Okay, my roomaates and I share this computer. One of them is an avid viewer of pornography. He was using the comp the other day, and now, in front of every URL is the URL below: **Not work safe, it takes you to a Russian pornography site, and is written in cerillic(sp?).**

h..p://www.sexyque.com/cgi-bin/proliv/proliv.cgi?

and then the URL. I have downloaded and used AdAware and Spyblaster, and it wont get rid of the prefix URL. What do I need to do to get rid of this, as it redirects at random to XXX sites, and I dont like that, and neither does the gf. PLease help me!!! Thanks in advance for any suggestions.

Fergie

- disabled the link - LWM

Hi fergie,

Posting a HijackThis log is the best way for people to help you with this browser hijack problem.

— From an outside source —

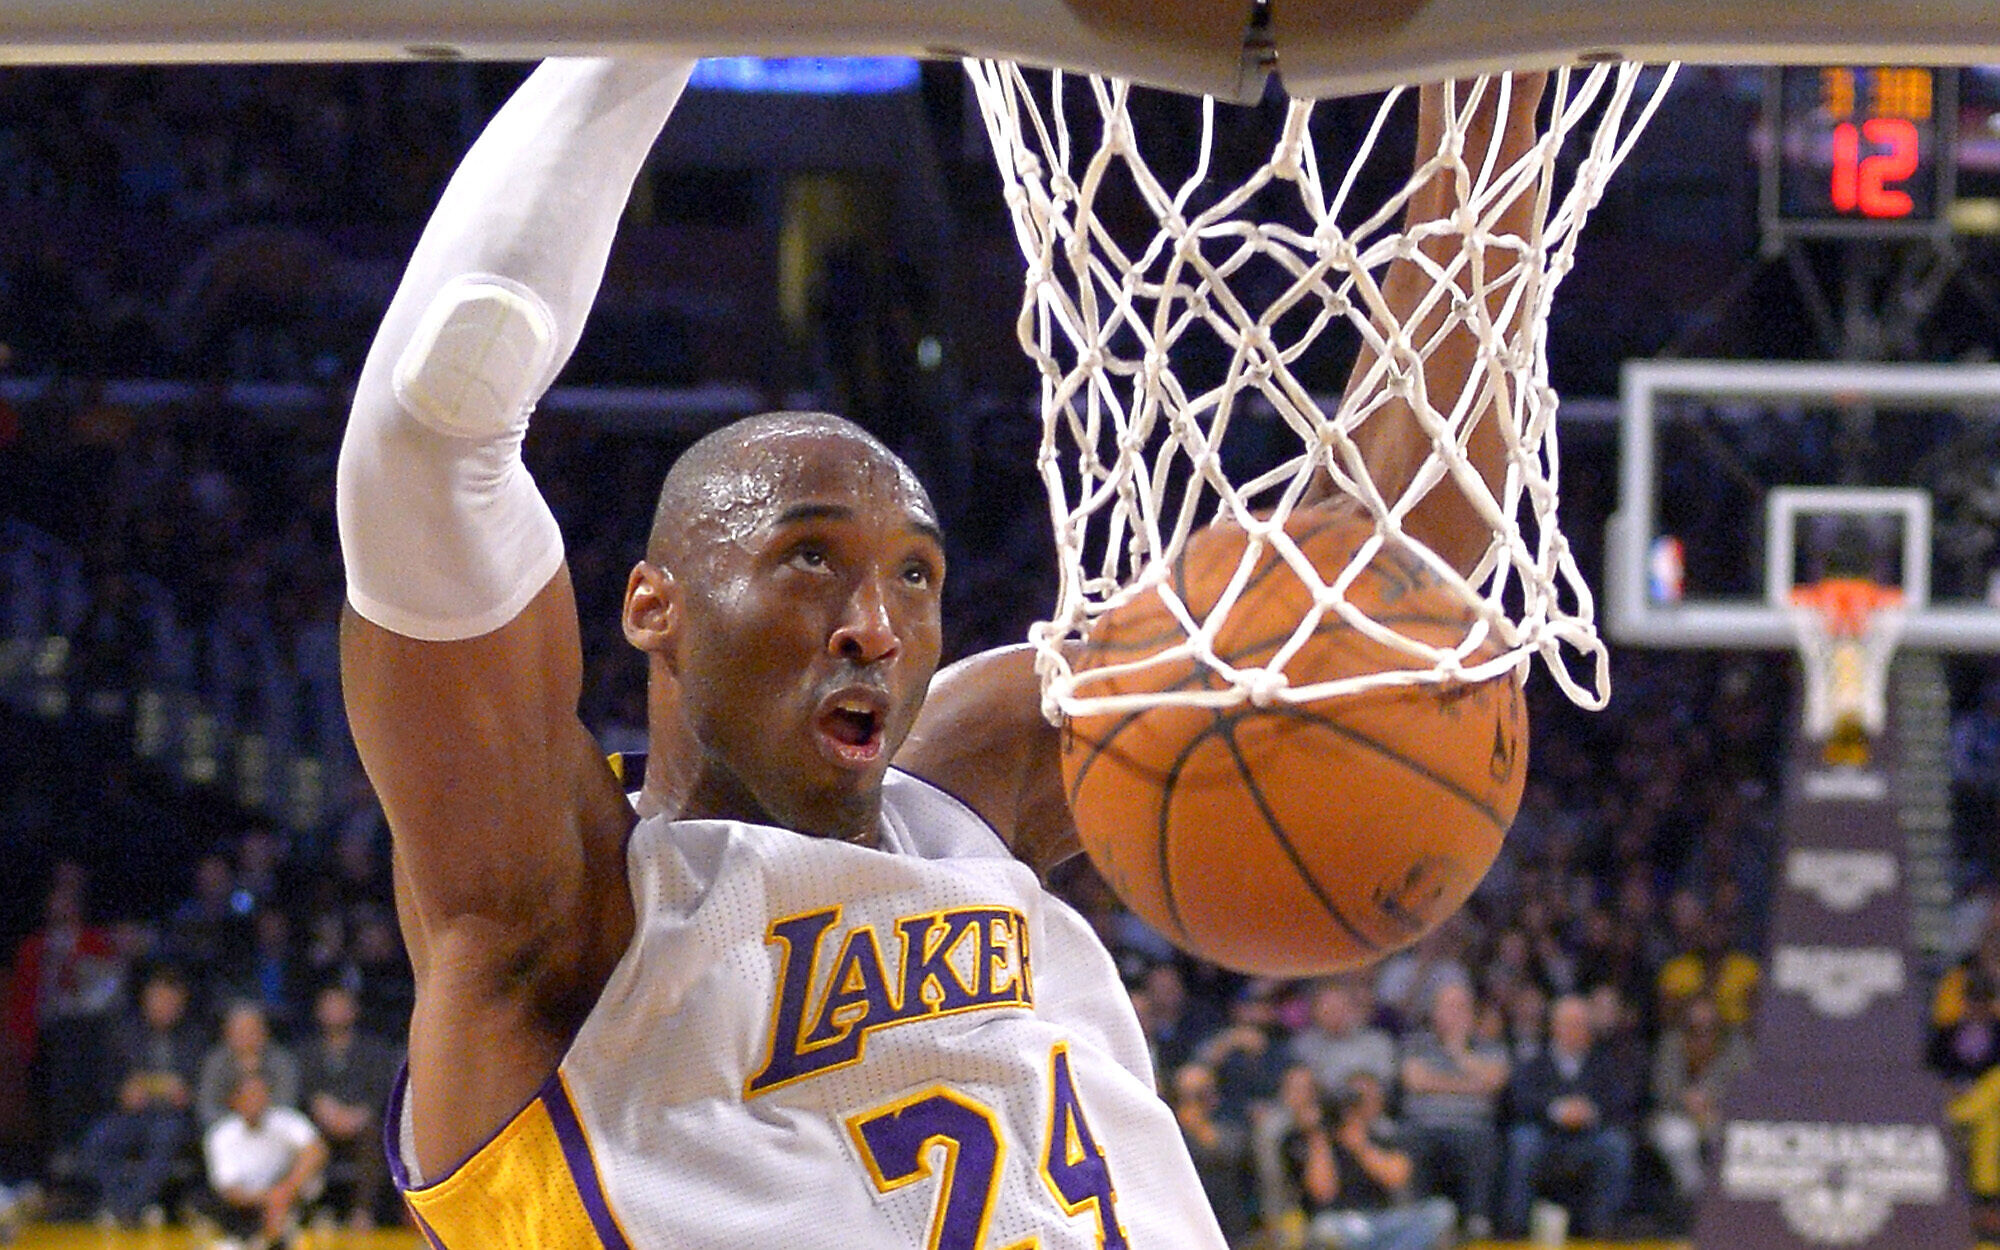 Comedy Club Drops Comedian Ari Shaffir After Comment About Kobe Bryant The Times Of Israel
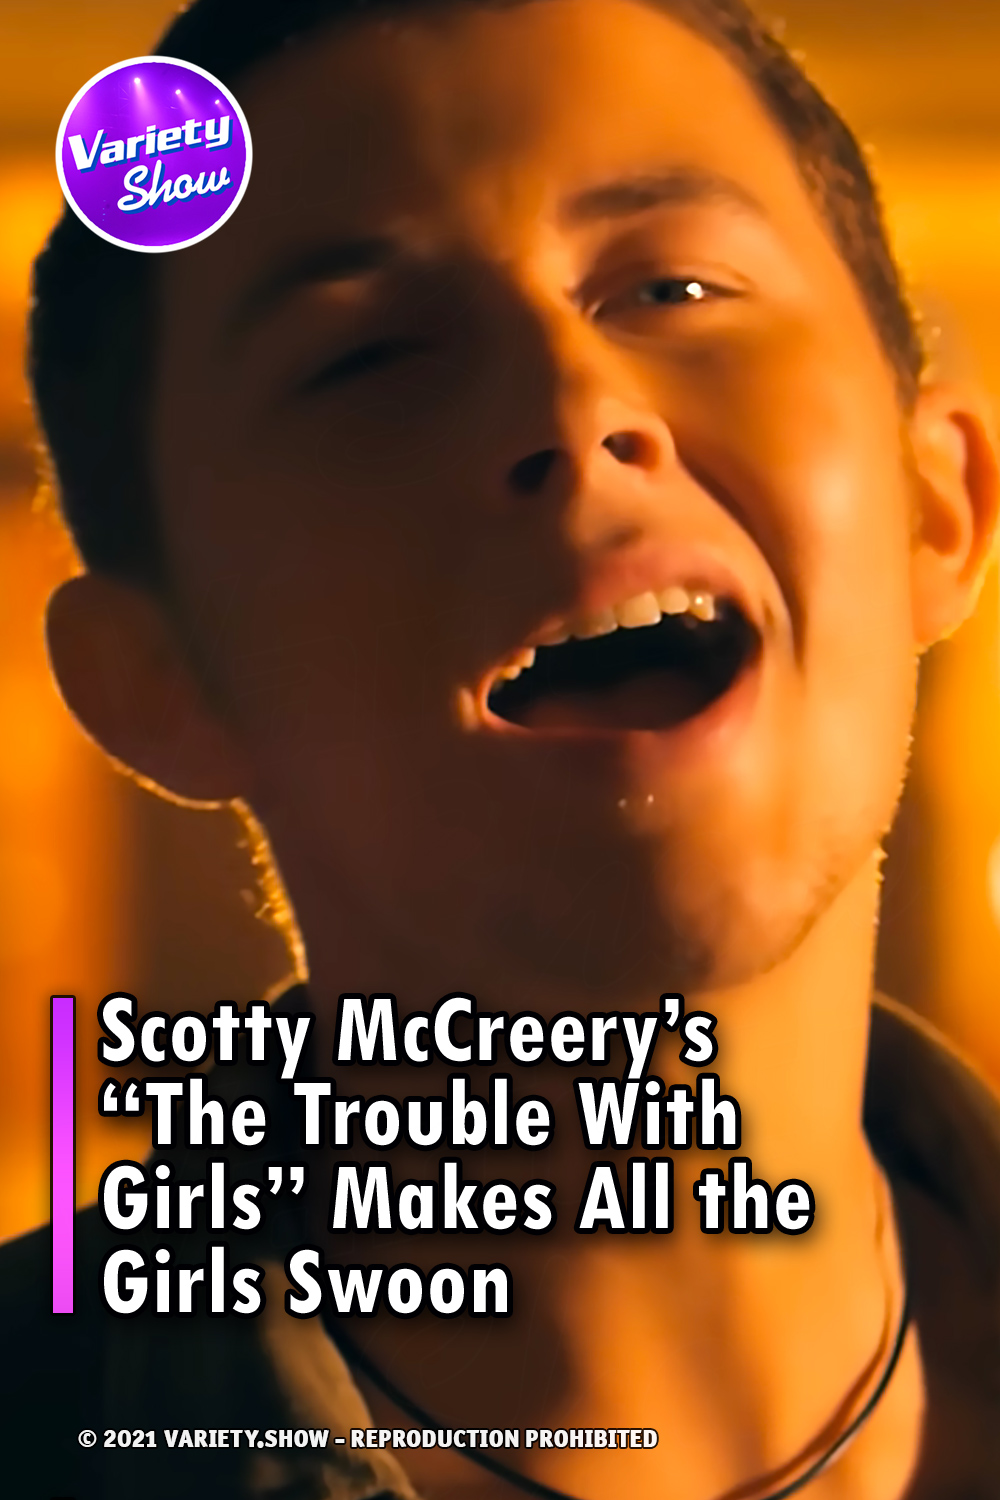 Scotty McCreery’s “The Trouble With Girls” Makes All the Girls Swoon

-{ Quote: "Go to http://www.tomcoyote.org/hjt and download "HijackThis!" (via button in the left section with flashing green light next to it). Unzip it. Run the HijackThis.exe file and press the [Scan] button... When the scan is finished, the [Scan] button will change into a [Save Log] button. Press that, save the log somewhere and paste the contents into a post here for us to look at.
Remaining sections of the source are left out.